Recently someone said to me, ” Ma’am! I always look forward to talking to you because you make it look like all’s well with the world and there’s so much to look forward to.” This conversation happened sometime last week when I was going through a rough patch. Now how do you tell a 20 something fellow with big dreams and a zest for life that life sucks and there are times when there’s nothing to look forward to.
India is in an unenviable second position regarding the surge in covid cases in the second wave, Germany lost a World Cup Football qualifier in twenty years, Jack Ma’s Alibaba is slapped a $2.8bn fine by China, but more than this almost everyone has at least one personal story of loss, tragedy, pain in today’s unprecedented time. Some have lost jobs, others have tested positive, are battling pay cuts or non-payments, and many have lost near and dear ones. One cannot help but feel dejected and question the unfairness of life.
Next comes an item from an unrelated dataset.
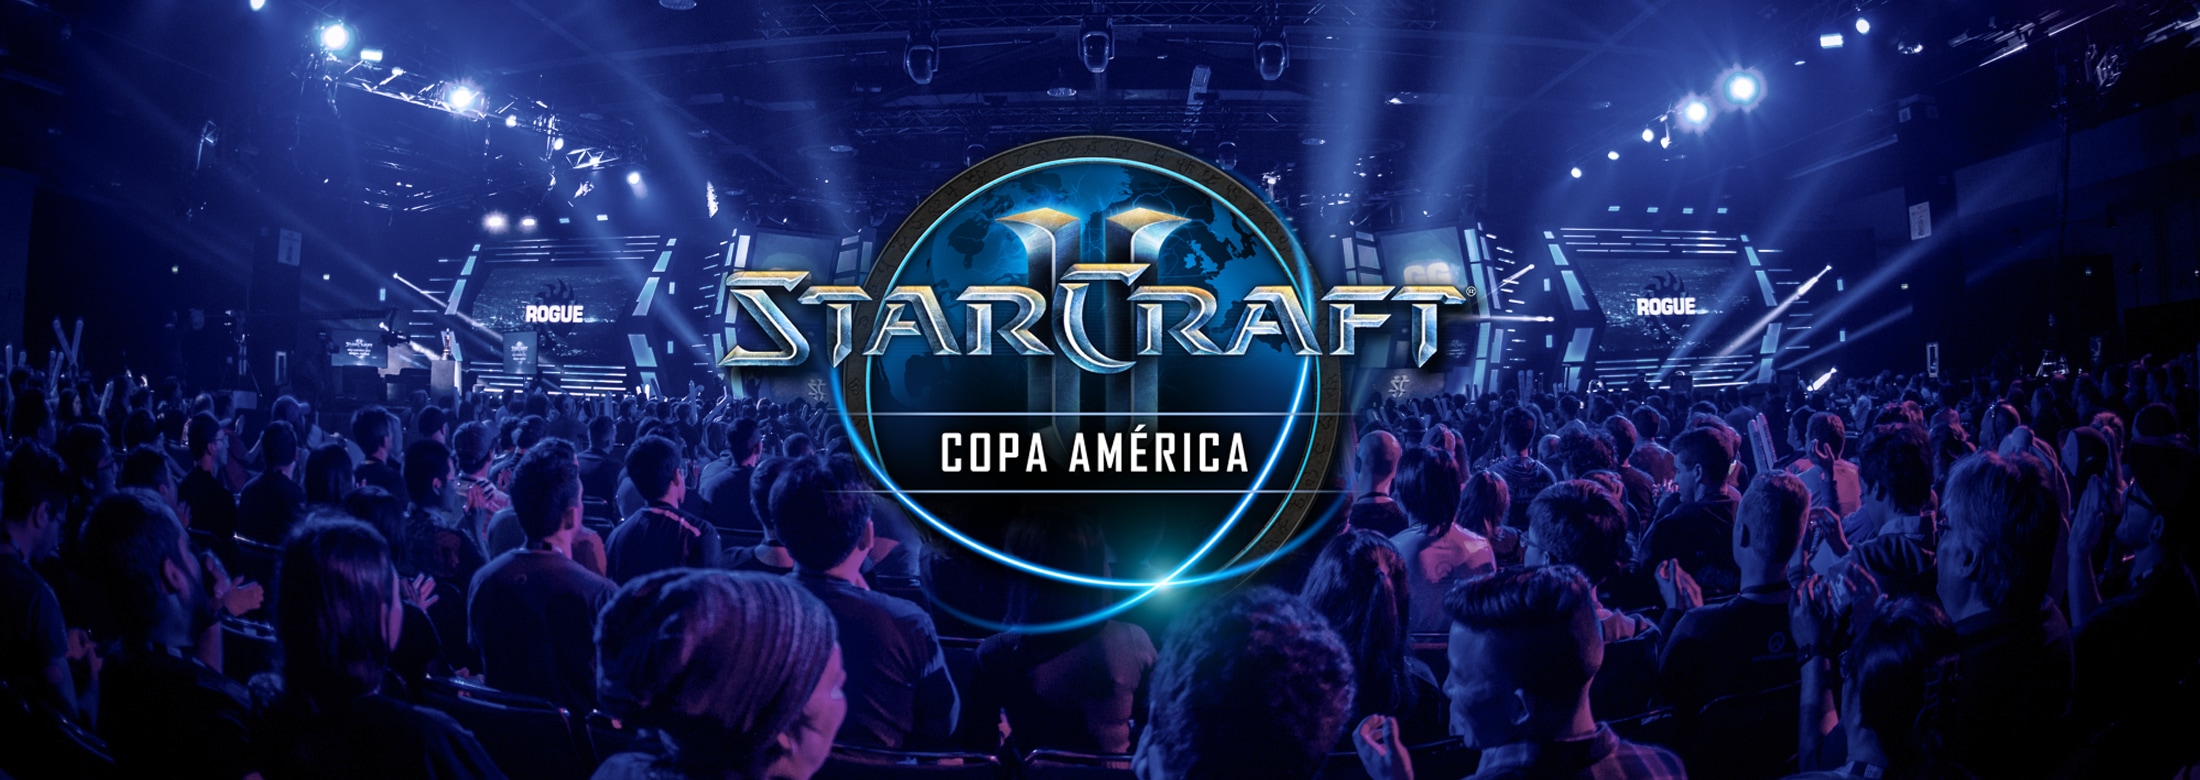 Bem vindos a Copa América 2019 de StarCraft II!

Yes, life in unfair and no matter how much one philosophises about life or reads self-help books the happiness within is rare for majority of us. Simply because we are social animals and people’s actions influence us, affect us. We need acceptance, acknowledgement, and appreciation from the people we truly care about to feel happy. But when hit with a roadblock, a hardship or loss we tend to alienate ourselves from the very people, who mean the world to us.
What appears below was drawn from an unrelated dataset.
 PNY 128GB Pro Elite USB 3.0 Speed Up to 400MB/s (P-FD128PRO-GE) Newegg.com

The reason being we ourselves are unable to come to terms, or are trying to figure it out, or are ill equipped to speak about loss, pain, failure. We know how to share happiness but sadly we are not taught to share pain. Unlike happiness, it is to be internalised and kept within.
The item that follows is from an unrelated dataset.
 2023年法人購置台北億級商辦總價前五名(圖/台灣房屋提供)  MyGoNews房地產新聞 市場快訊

Now, how right is it? We need people to stay happy and if we shun them how are we supposed to come out of the abyss of pain. Agreed we need to give ourselves time but for how long. Honestly, when you are suffering, suffer some more and go out to be with people. The concern and care of some will overwhelm you, the gaffes of others will make you laugh, the irrationality of others will irritate you so much that it will give vent to your anger or frustration and help you feel better and most of all the needs of someone else will make you forget yourself and your need and make you stretch your hand to them to help.
There is a small population which is genuinely introverted but people, for most of us, are therapeutic. So, take in a good dose of people in your life and let happiness course through your veins.